Samples of CareD. We filter out all the Reddit posts in which caregivers of patients with cognitive decline are sharing the experiences about themselves and all the commercial postings by advertisers, journalists, researchers and about awareness programs, labeling them as 0.
| S.No. | Text | Label |
|---|---|---|
| T1 | Does anyone know of a good strategy to help someone with moderate dementia who still loves alone with remembering to take medication? | 0 |
| T2 | my uncle was in the last sad stages of dementia last week his sis came from Chicago to be with her brother. We were told to come visit they didn’t know how much longer he was gonna last. Tonight at 7:30 pm I got the text our uncle passed away. The only ” comfort ” I me & my mom know is he’s not suffering anymore. My mom had gone last week to see him I wanted to remember him as my funny uncle that he always was so I stayed home. He and my aunt had never been separated except for when he was in hospital recently they were married since they were very young. | 0 |
| T3 | Does anyone know of a research foundation to donate to, that is not primarily focused on the Amyloid theory? Thank you. | 0 |
| T4 | My dad has had Alzheimer’s for about five years. Me and my mum acts as his full time carer and my siblings help as much as they can and we have two companions that come to keep him company. Dad is declining. He can chat but he only talks about the same 4 things on rotation, all from his past, and will turn any conversation to these points. He sleeps in a separate room to my mum and takes an array of weapons to bed every night - walking sticks, toilet brushes, and more recently knives. He’s worried someone might break in. We’ve told the GP and they’re changing his medications again to see if that helps to ease the paranoia. He’s also started some more unusual behaviors like urinating into mugs and keeping them in his bedroom. | 1 |
B. FAIR Principles
The FAIR guiding principle increases the Findability, Accessibility, Interoperability, and Reusability of the dataset to emphasize the machine actionability due to increasing reliance on computational systems to facilitate future studies [14].

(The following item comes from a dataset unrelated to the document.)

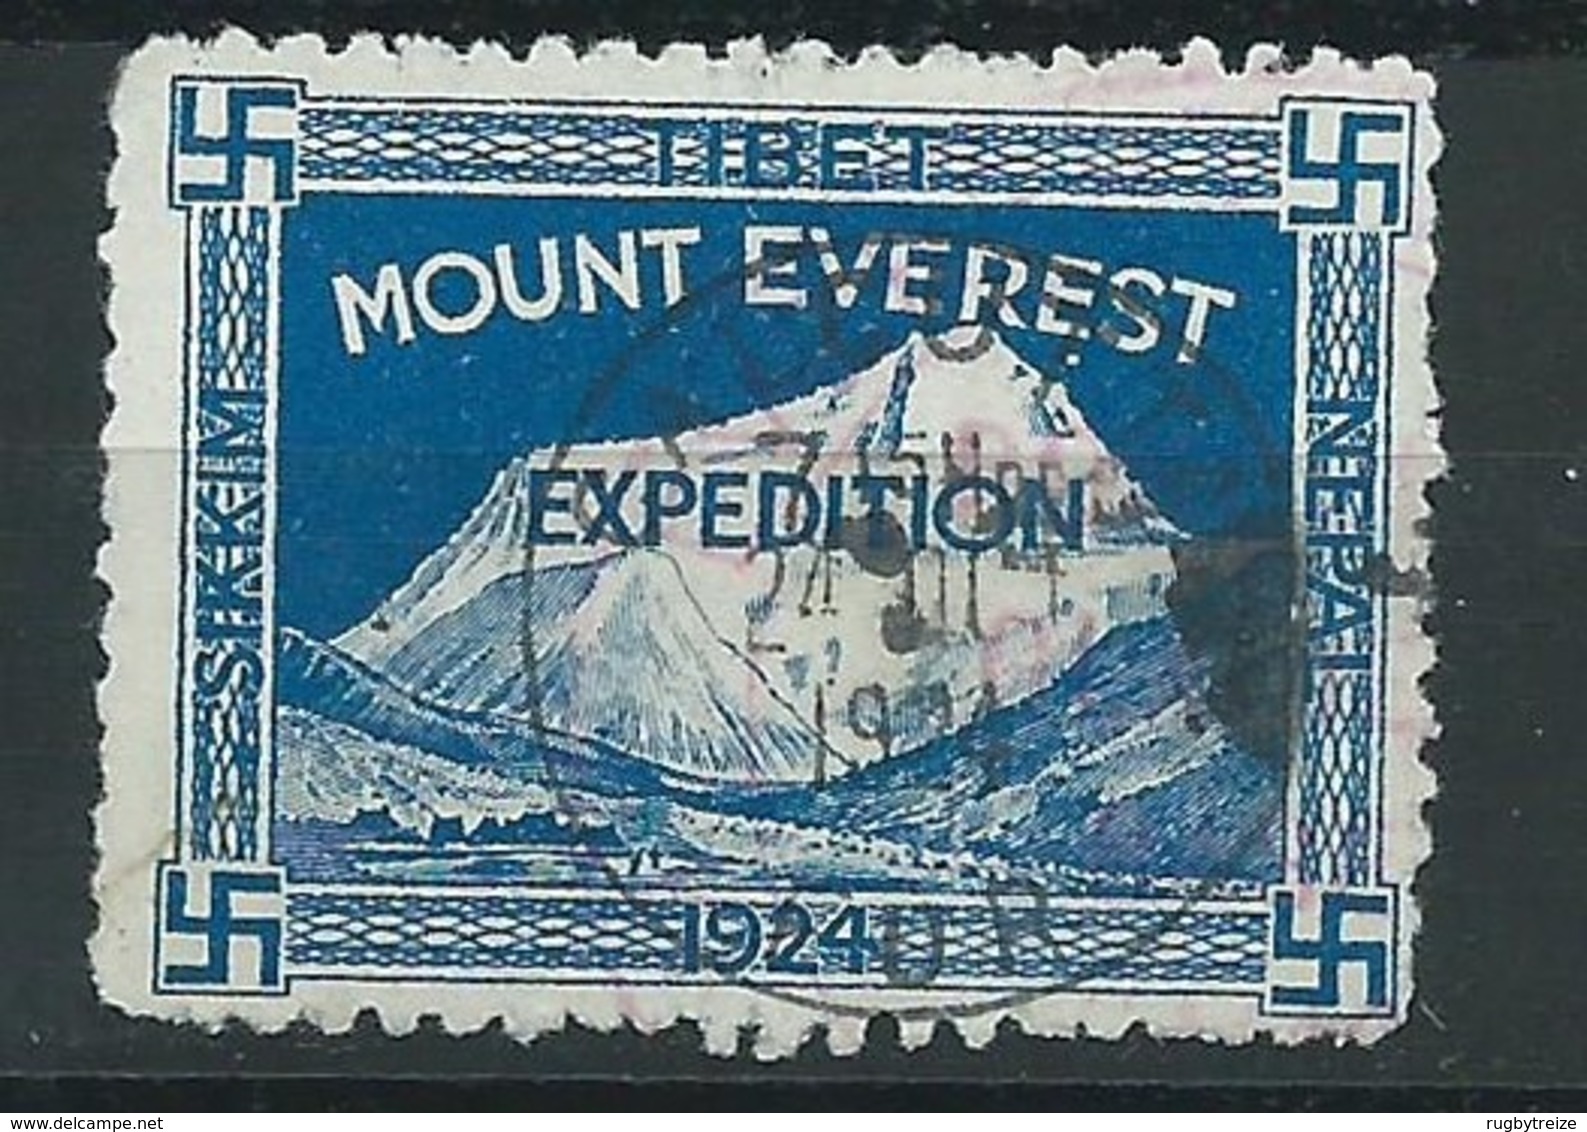 3184 - Timbre Vignette Mount Everest 1924 Tibet - Calcutta 1924 Expedetion Svastika - Erinnophilie

Findable: CareD contains the caregiver’s experiences and the label for 1005 data-points. We release the first version of our dataset as CareD.v1 at Github.

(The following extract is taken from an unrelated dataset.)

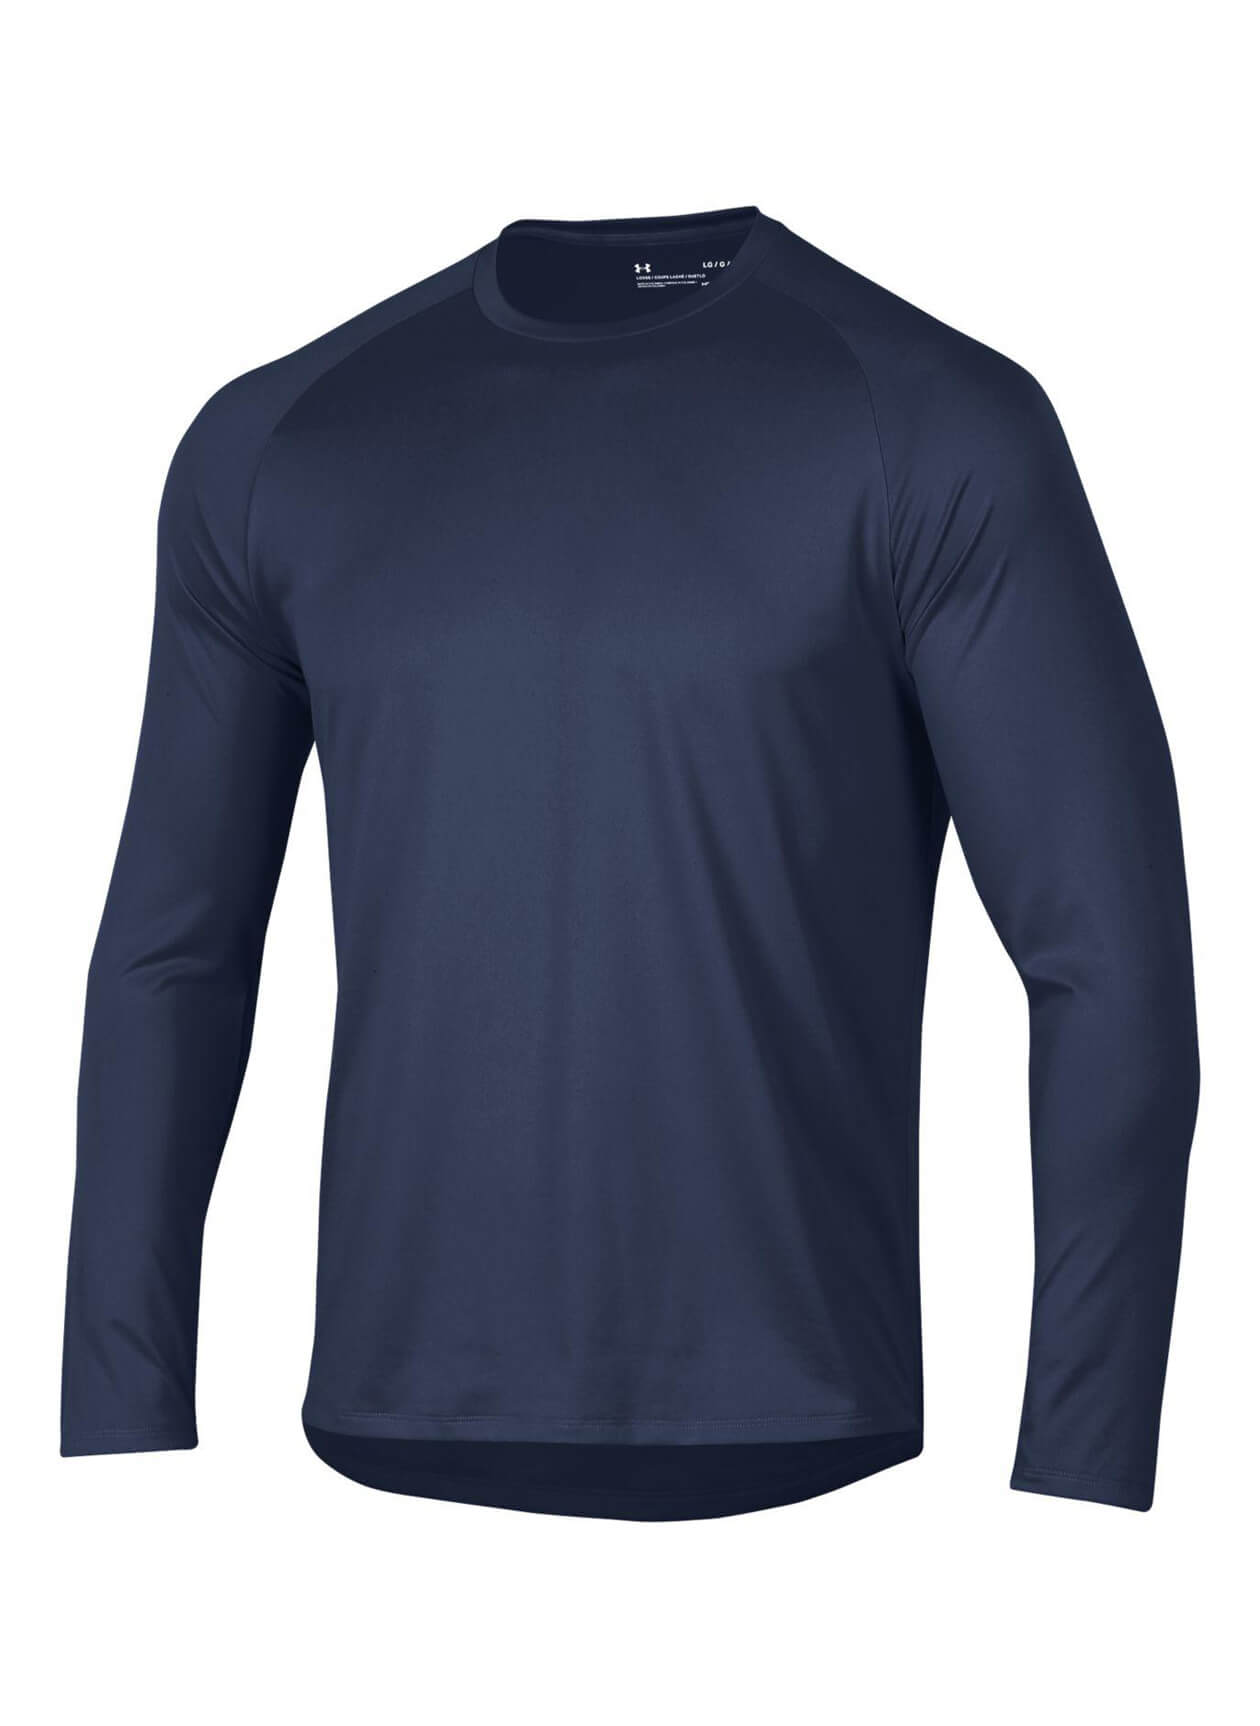 Under Armour UM0639 - Men's Long-Sleeve Tech T-Shirt

Accessible: CareD is available in the comma-separated format on Github. We plan to expand and update CareD with explainable and contextual information in upcoming versions.
Inter-operable: Our data is consistently structured and described, both syntactically and semantically.

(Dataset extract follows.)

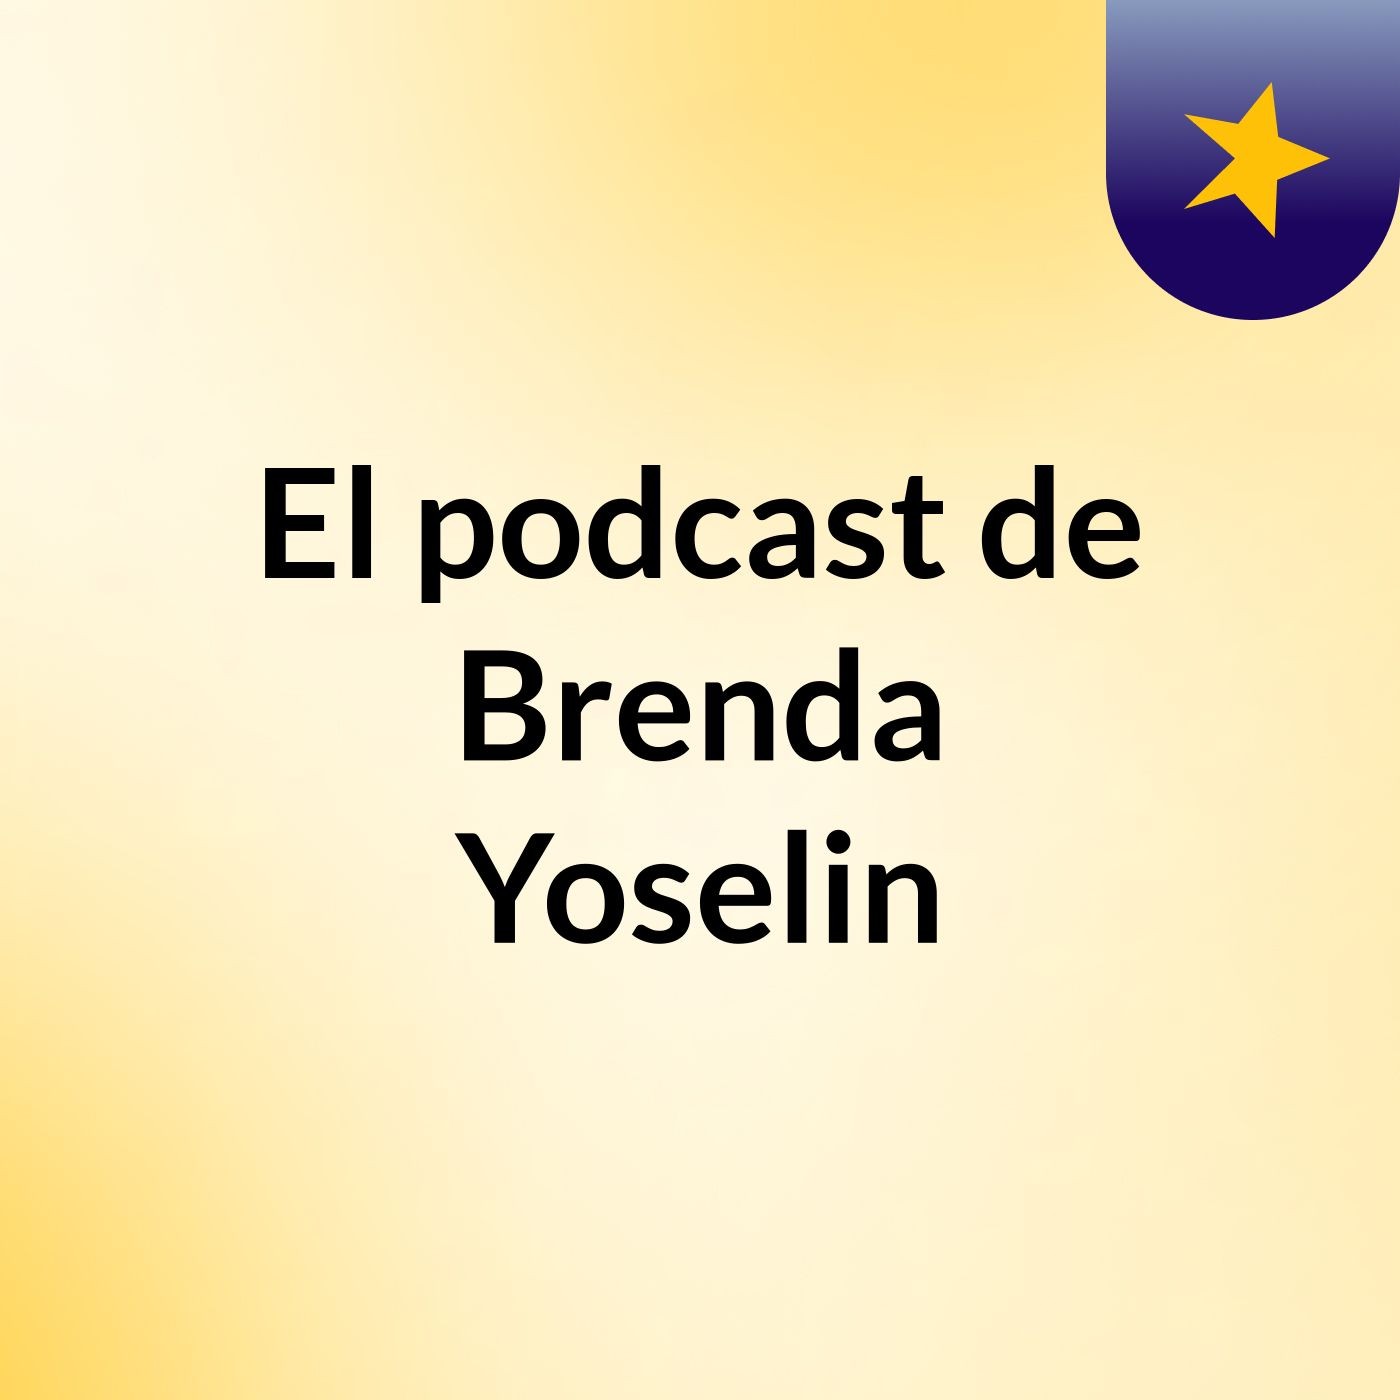 El podcast de Brenda Yoselin

Reusable: We sufficiently annotate our dataset with 1005 instances for a binary classification problem to facilitate its re-usability.
C. Data Analyses
The basic statistics of the data are illustrated in Table II. We observe 56.52% of the total data samples as the narration of caregiver’s experiences. Prior works classifies seven different user-types posting about cognitive decline of loved ones on social media plat- forms: (i) health professionals, (ii) news organizations, (iii) advocacy, (iv) journalists, (v) caregivers and other care services, (vi) patient/family, and (vii) academic researchers [10], suggesting more than 80% of the Twitter posts by commercial platforms including health professionals, news organizations, academic researchers and journalists. However, we observe 74.22% (746/1005) of the posts to be non-commercial (posted by patients or their caregivers/loved ones) in Reddit social media platform. This change could be due to the increase in use of social media platforms for comprehensive discussions on human behavior, increase in the number of cases of cognitive decline, or post-pandemic era where people have witnessed social distancing and lockdown.
TABLE II.
The statistics of Reddit dataset (N = 1005)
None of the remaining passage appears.